Nice! They both really are stunning :wub:


----------



## robk (Jun 16, 2011)

Great photos! Nice take down!


----------



## hunterisgreat (Jan 30, 2011)

robk said:


> Great photos! Nice take down!


lol yeah it was pretty nice. He stayed on with a hard and full grip for a full roll with the helper and through him getting back up and finishing the escape lol


----------



## Zeeva (Aug 10, 2010)

hunterisgreat said:


>


The action shots are cool and all! But I adore this picture! So much <3 for such a strong dog! Great juxtaposition between strength and love C:


----------



## hunterisgreat (Jan 30, 2011)

Zeeva said:


> The action shots are cool and all! But I adore this picture! So much <3 for such a strong dog! Great juxtaposition between strength and love C:


Yeah I put that on facebook and within 12 hours it was my most "liked" photo ever lol


----------



## JanaeUlva (Feb 5, 2011)

Awesome pictures and wonderful the love of dog and handler!

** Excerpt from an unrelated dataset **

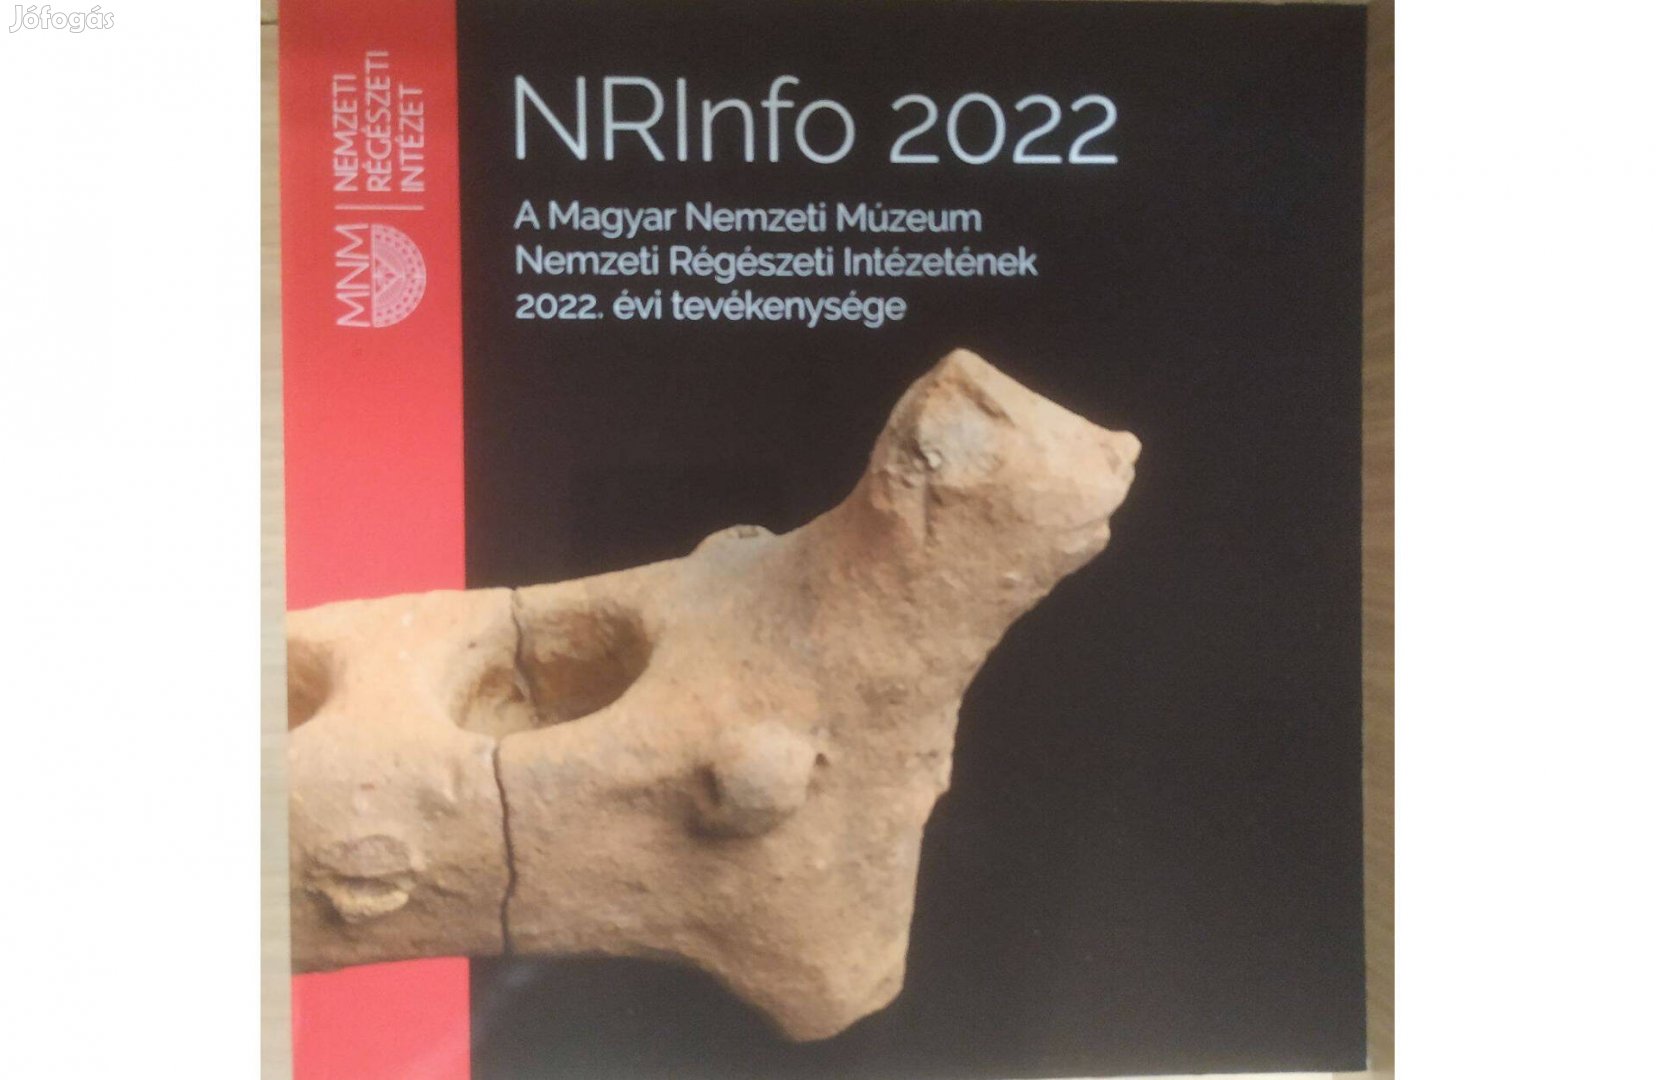 A Magyar Nemzeti Múzeum Nemzeti Régészeti Intézetének 2022 évi

Sent from Petguide.com Free App


----------



## K9POPPY (Mar 6, 2014)

Beautiful!


----------



## SuperG (May 11, 2013)

Zeeva said:


> The action shots are cool and all! But I adore this picture! So much <3 for such a strong dog! Great juxtaposition between strength and love C:



Gotta agree...this particular pic speaks volumes....and all good words.


SuperG


----------



## Bear GSD (Apr 12, 2012)

Great pictures, I agree the last one is the best :wub:


----------



## G-burg (Nov 10, 2002)

Nice! And a little scary..


----------



## hunterisgreat (Jan 30, 2011)

G-burg said:


> Nice! And a little scary..


Scary? Why scary?


----------



## G-burg (Nov 10, 2002)

Because a helper falling like that on a dog.. And the injury that it "could" have caused..


----------



## hunterisgreat (Jan 30, 2011)

G-burg said:


> Because a helper falling like that on a dog.. And the injury that it "could" have caused..


oh, you can't see from that angle but he didn't fall ontop of him. He fell and rolled, and Jäger stayed on the sleeve and rolled with him.


----------